42 Зло от Кириллова остается серьезным (рожу с высунутым языком так и не осмелился на предсмертном документе нарисовать) — слишком серьезным для того, чтобы быть фундаментальным. Корневому, фронтально гнетущему злу нужны не только идейные самоубийцы. Не только толпа, распинающая беззащитного. Востребованы и ассистенты Воланда, чтобы публичной потехи ради оторвать голову конферансье, а потом возвратить ее на место. Обязателен в конце концов спектакль, который злодей разыгрывает исключительно перед самим собой. Таков Ставрогин, пока он не принес свои «листки» на прочтение проживавшему на содержании в монастыре архиерею Тихону (немного странному, немного больному, пятидесяти пяти примерно лет — лишь немногим меньше и автору «Бесов» в период работы над романом, да и типаж схож).

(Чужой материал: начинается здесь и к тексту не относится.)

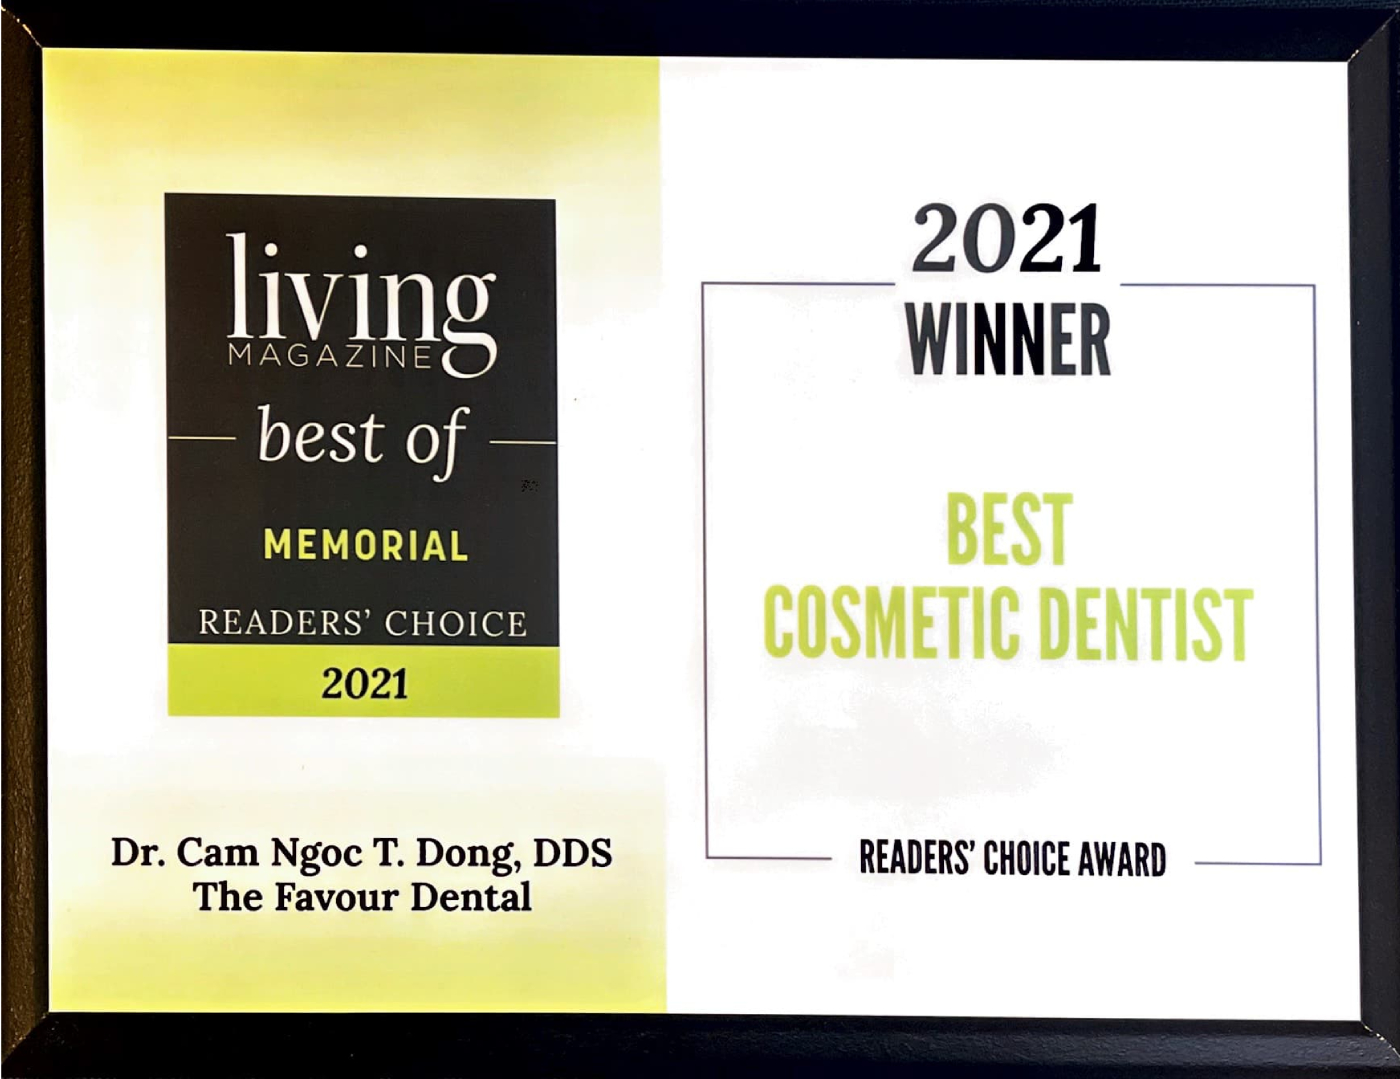 Best Cosmetic Dentist 2021 Award

Впрочем, именно из написанного Николаем Всеволодовичем мы узнаем [см.: там же: 642–656], что «ни средой, ни болезнями безответственности» он не может и не хочет оправдывать свои злодеяния — «во всякое время и сию минуту» он мог прекратить их, но не прекращал. Совершив одно тяжкое преступление (куда уж, кажется, гнуснее — педофилия и доведение до самоубийства малолетней), он «в это же время, но вовсе не почему-нибудь... (курсив мой. — А.Ф.)» озабочен идеей «искалечить как-нибудь жизнь, но только как можно противнее» и затевает издевательскую женитьбу на хромоножке. Наконец, от случая к случаю его посещает мысль «убить себя от болезни равнодушия, впрочем, не знаю от чего (курсив мой. — А.Ф.)». Тут не кирилловский фанатизм, тут безразличие, бессмысленно уравнивающее жизнь со смертью. Суть ставрогинского зла действительно составляет «великая праздная сила, ушедшая нарочито в мерзость» [там же: 657]. «Праздность», не объяснимая по существу ни одной причиной и никаким каузальным комплексом, в сочетании с «нарочитостью», неоспоримо причинным действием, и дают в итоге «мерзость», то есть. зло.
43

Семантические ремарки к «беспричинно причиняемому»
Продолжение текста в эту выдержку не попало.